Archaeologists had thought that they had found everything there was to find in the ruins of this ancient city.
But a new excavation by the British Museum has turned up thousands of new artifacts and revealed an even bigger, bustling city, of "tower houses" that stood three to six stories tall.
Naukratis was "a mud-brick Manhattan" with a population of around 16,000, the project's leader told the Guardian.
Among the new finds were wood from Greek ships … evidence backing up Herodotus' description of the city as a port served by cargo ships, even though it's fairly far inland from the Mediterranean Sea.
Just as London on the Thames has a lively port with access to the English Channel, Naukratis was a major Nile port with access to the sea.
The excavation also turned up construction materials, two temple sites, and revealed the city's harbor location.
To top that off, the team found Egyptian figurines associated with a "festival of drunkenness," the Guardian says.
Naukratis was first rediscovered more than 130 years ago, by British Egyptologist William Matthew Flinders Petrie. The city was one of the most sought after ancient places, but no one was quite sure where it had been located.

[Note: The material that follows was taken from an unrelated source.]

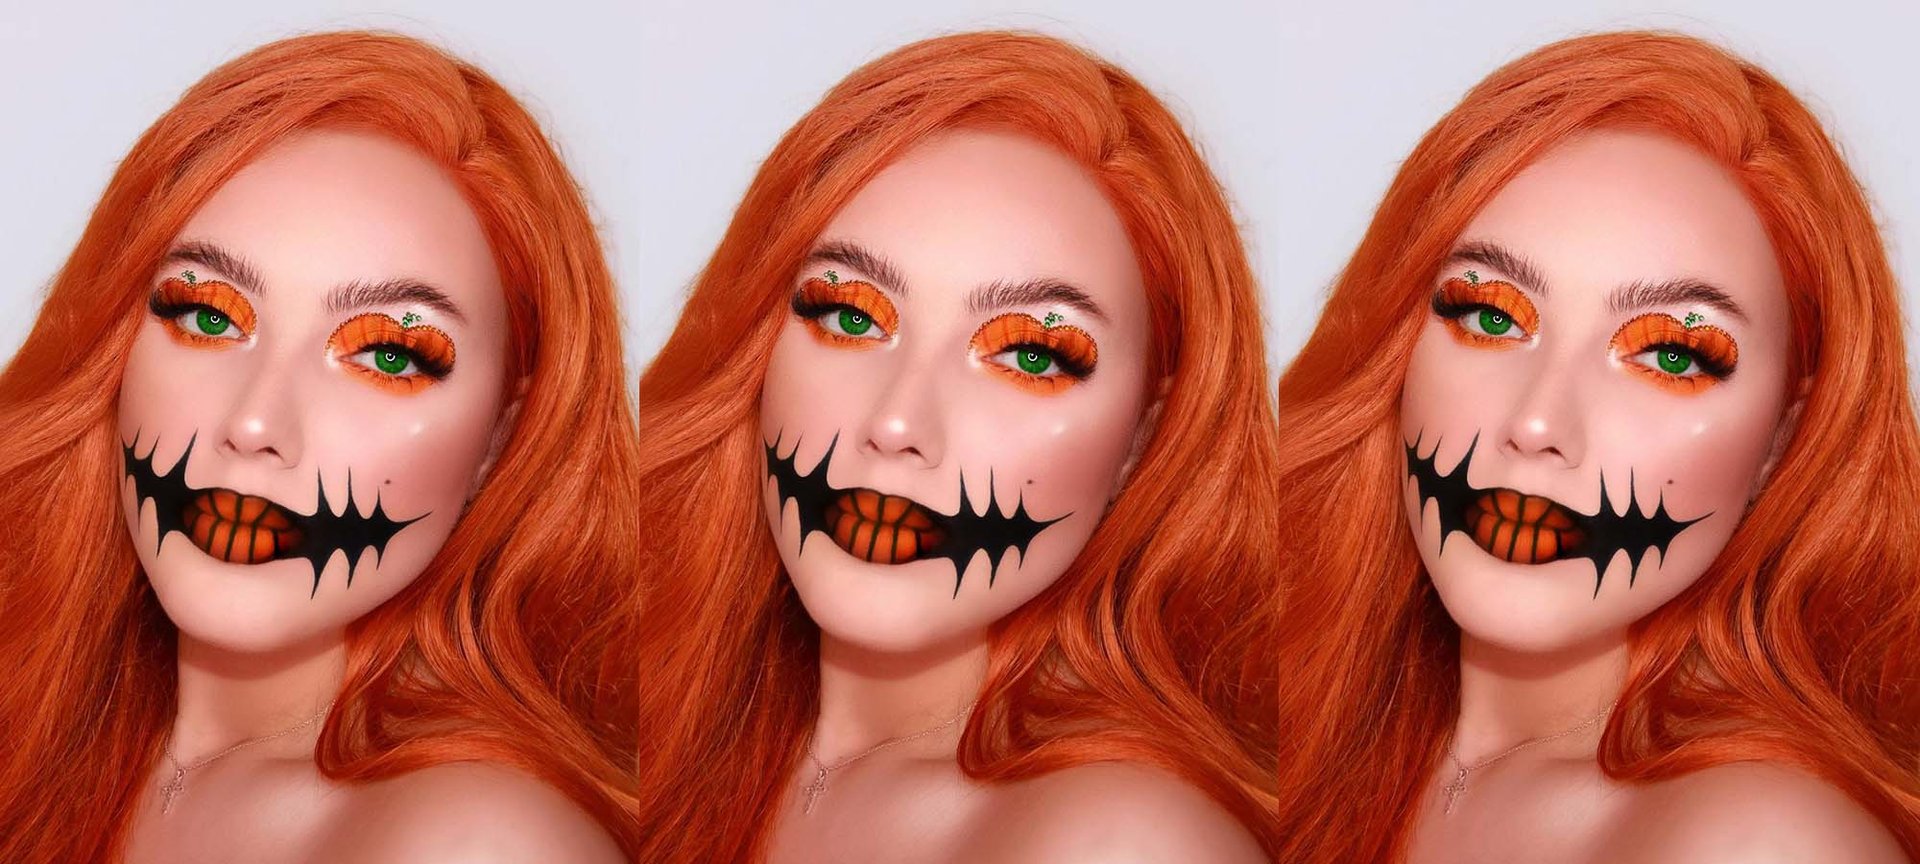 A Few Good Halloween Face Makeup Ideas

Petrie found it essentially by accident. Setting out from Cairo, he happened upon the right spot, where, he wrote:
The whole ground is thick with early Greek pottery, and it seemed almost a sacrilege to walk over the heaps with the fine lustrous black ware crunching under one[’]s boots. Pieces with fret pattern, honeysuckle pattern, heads, arms, legs of figures, horses, & such like lovely things were soon picked up; both in black figures on an orange ground, & red figures on a black ground, mostly with incised outlines. It seemed as if I was wandering in the smashings of the Museum vase-rooms.
After extensive early excavations, it seemed like most of those treasure had been gathered up … such as the stunning Antinous Naukratis head.
But as the new excavation proved, there was plenty more to be discovered.
Naukrates was a Greek colony in Egypt dating back to the 6th Century BC ... the 26th Dynasty, that age of "recon" revival in all things lovely and magical.
And Nectanebo I, last of the magician/kings of Egypt, erected a splendid Old-Kingdom-style stele at Naukrates praising the sacred relationship between the old gods of Egypt and the "new" gods of Greece and their interconnectedness.
Basically, it's a tax decree stele, but the sacred references are the most enlightening bit since Egyptian tax money helped to support the Greek gods ... seeing as how they were all Egyptian gods as well.
By Hadrian's time, of course, Naukratis had been eclipsed by Alexandria.
But it was still a major Greek trading town with a long Hellenistic tradition and with several well-known Greek temples. Besides the one to Aphrodite, there were also shrines and temples to Apollo, Hera, Dioscuri and others.
It was a well-known Hellenistic enclave and important old Greek merchant town.
So Hadrian would have known about it. Who knows whether he and the Beauteous Boy actually stopped off there, seeing as how it was pretty much in serious decline by the 2nd Century AD.
But it makes sense that an Antinous head might have been produced there.